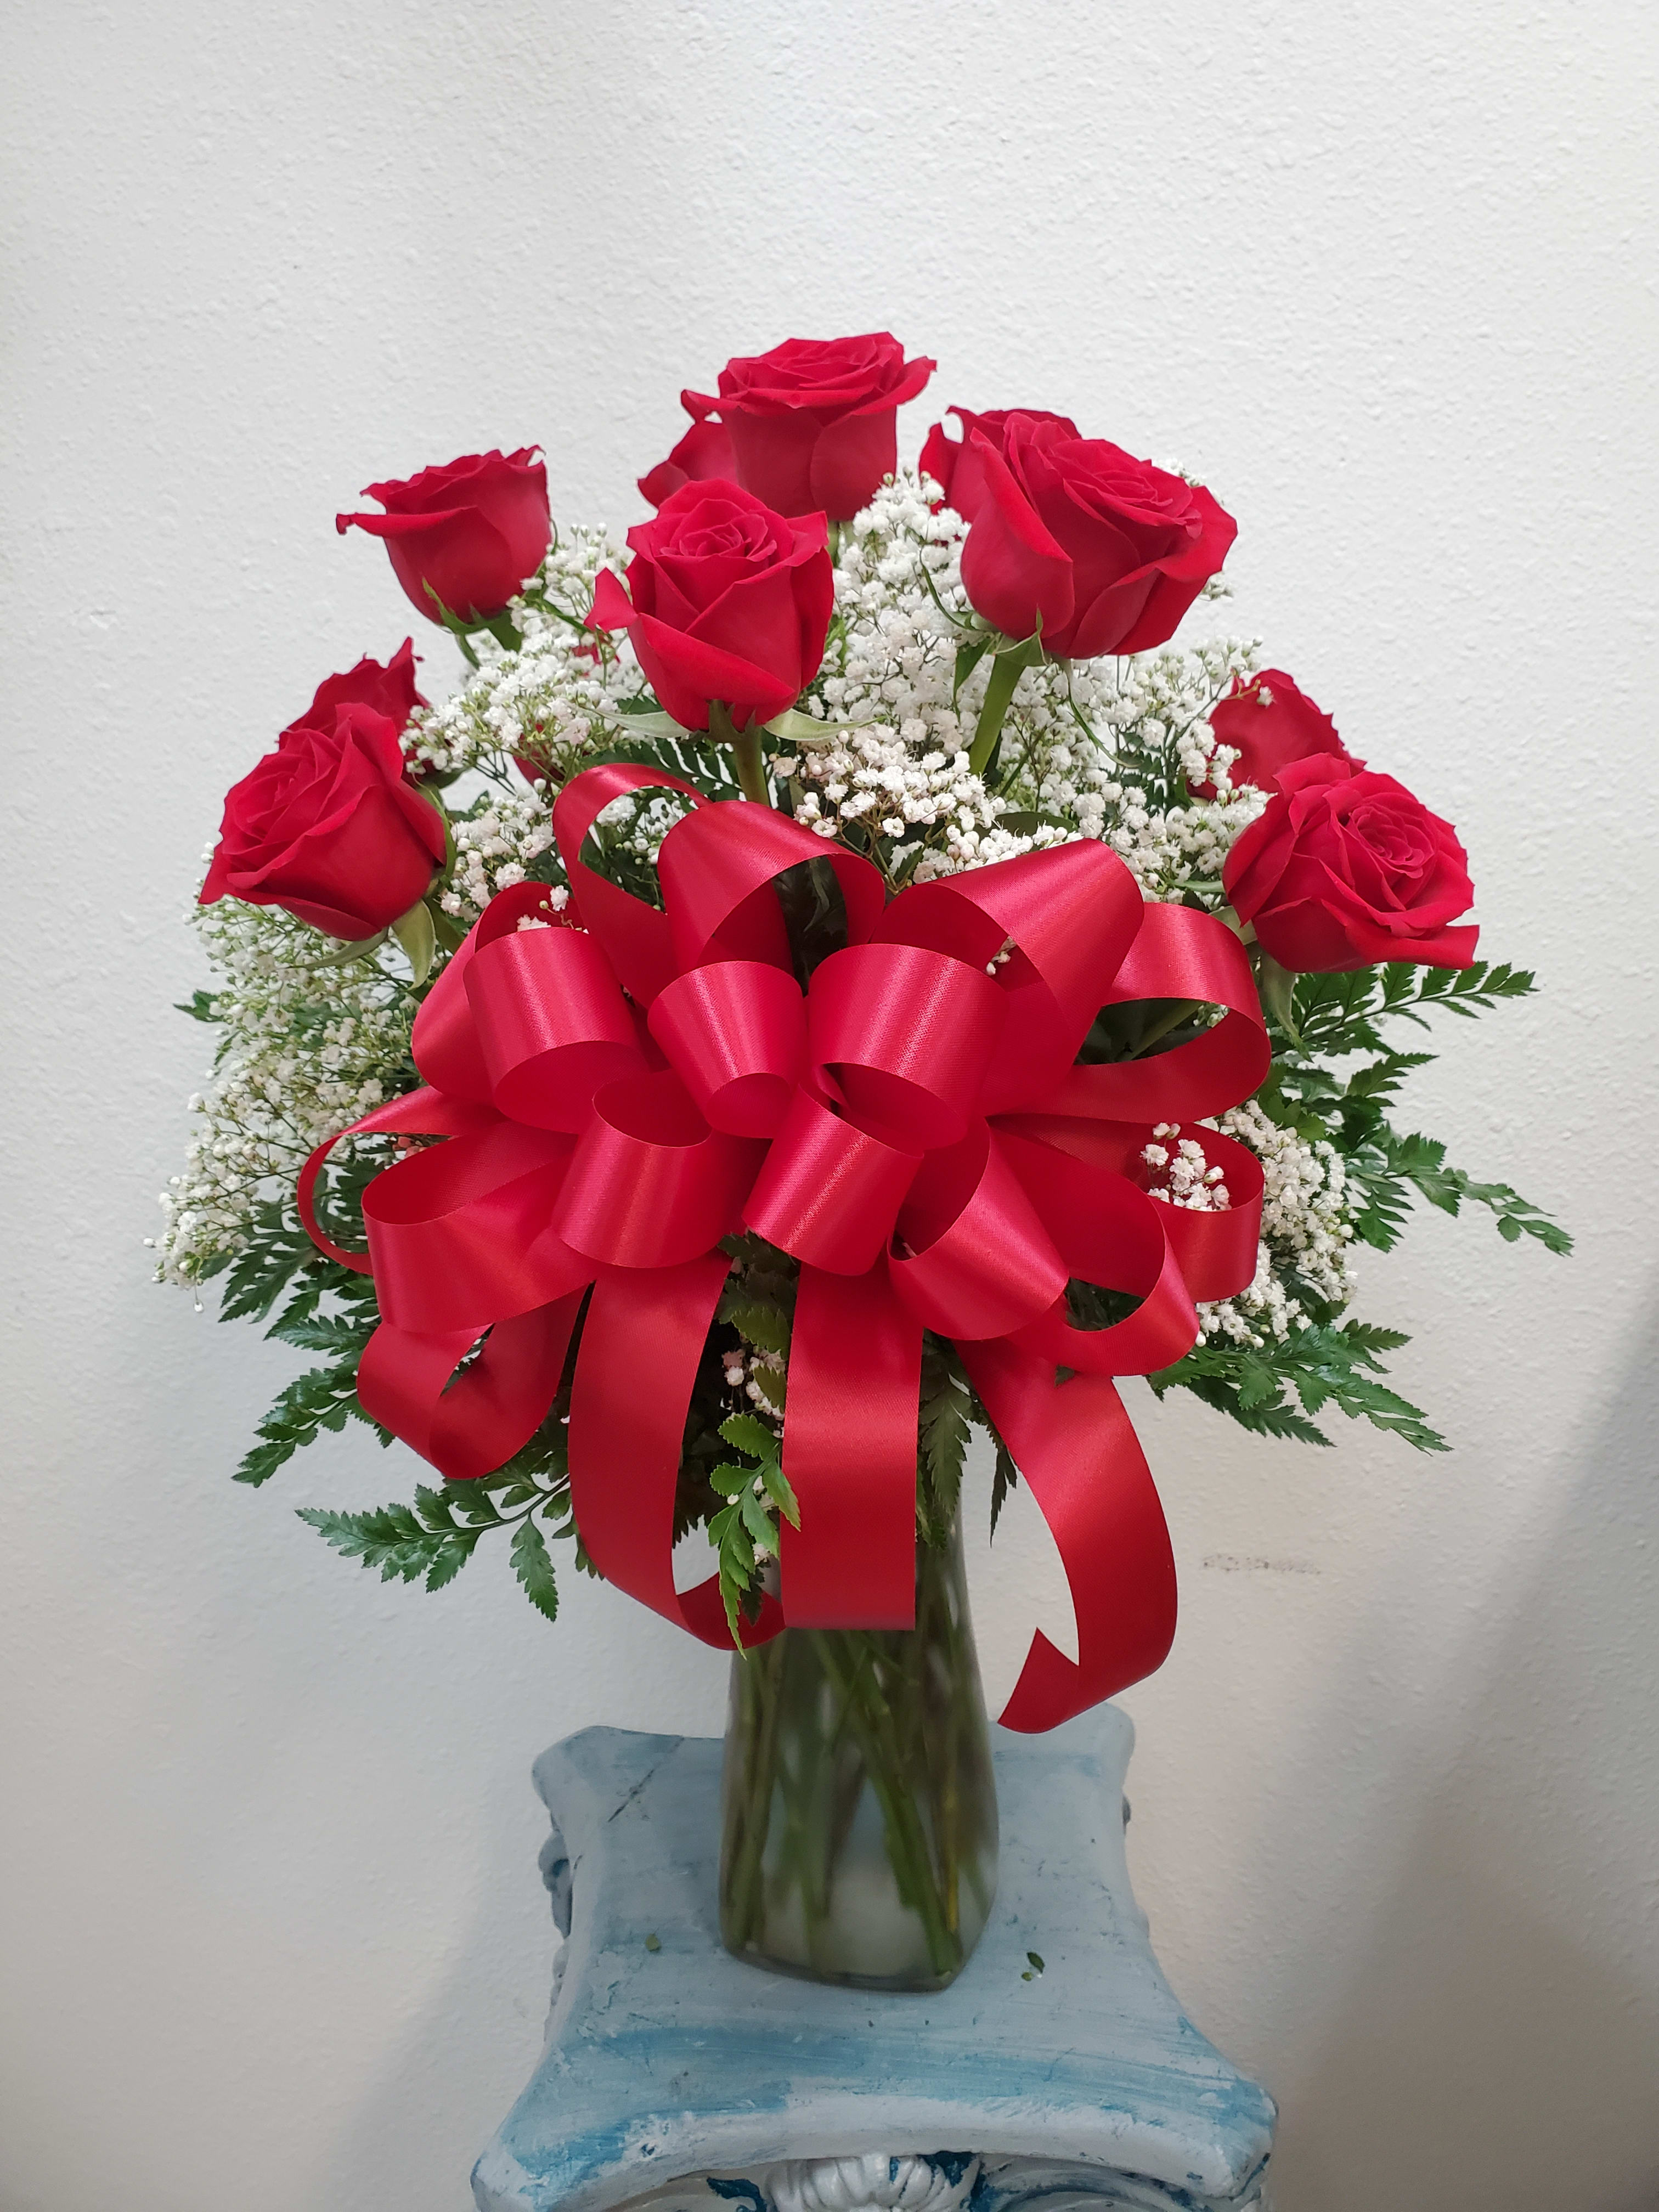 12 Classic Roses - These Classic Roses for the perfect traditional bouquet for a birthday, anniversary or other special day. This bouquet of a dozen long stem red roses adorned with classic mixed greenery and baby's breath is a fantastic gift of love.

◆ ◆ ◆

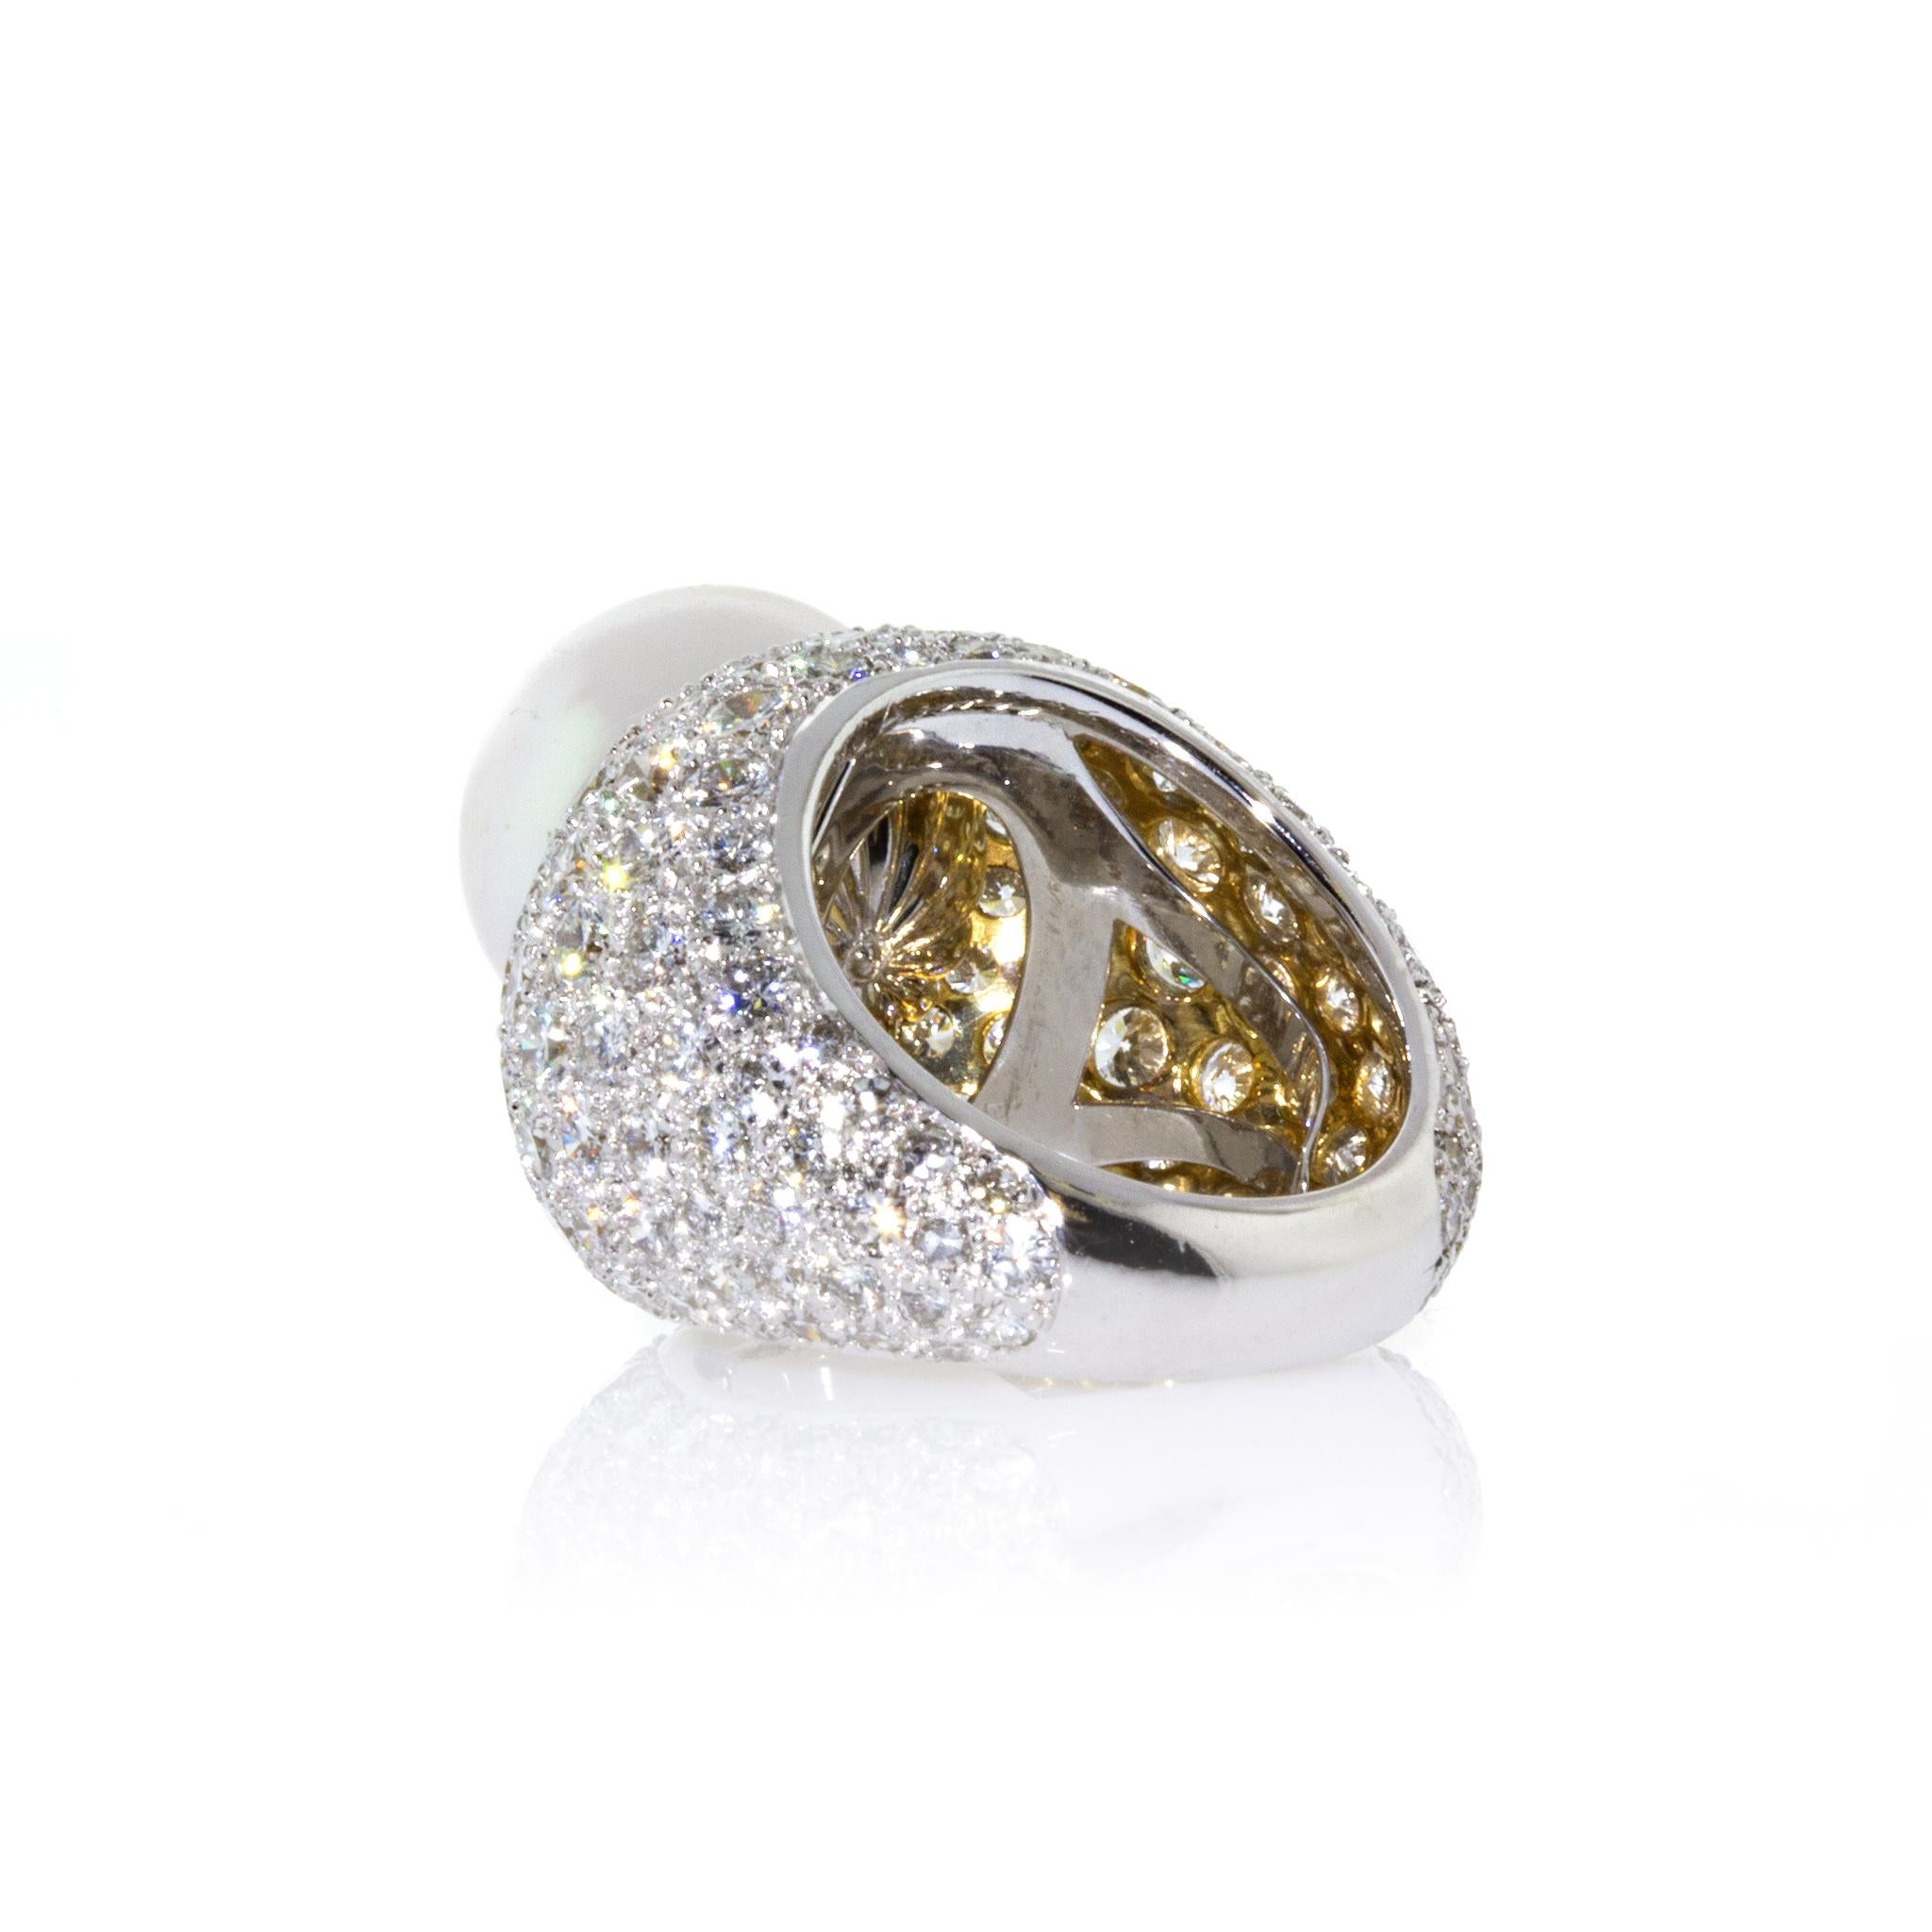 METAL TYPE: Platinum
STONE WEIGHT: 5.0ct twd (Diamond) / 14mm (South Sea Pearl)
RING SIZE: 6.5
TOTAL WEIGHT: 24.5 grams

◆ ◆ ◆

▶ [WHAT TO DO]:
Using the records above, find and show each line with the string "WEIGHT".

▶ [TASK ANSWER]:
STONE WEIGHT: 5.0ct twd (Diamond) / 14mm (South Sea Pearl)
TOTAL WEIGHT: 24.5 grams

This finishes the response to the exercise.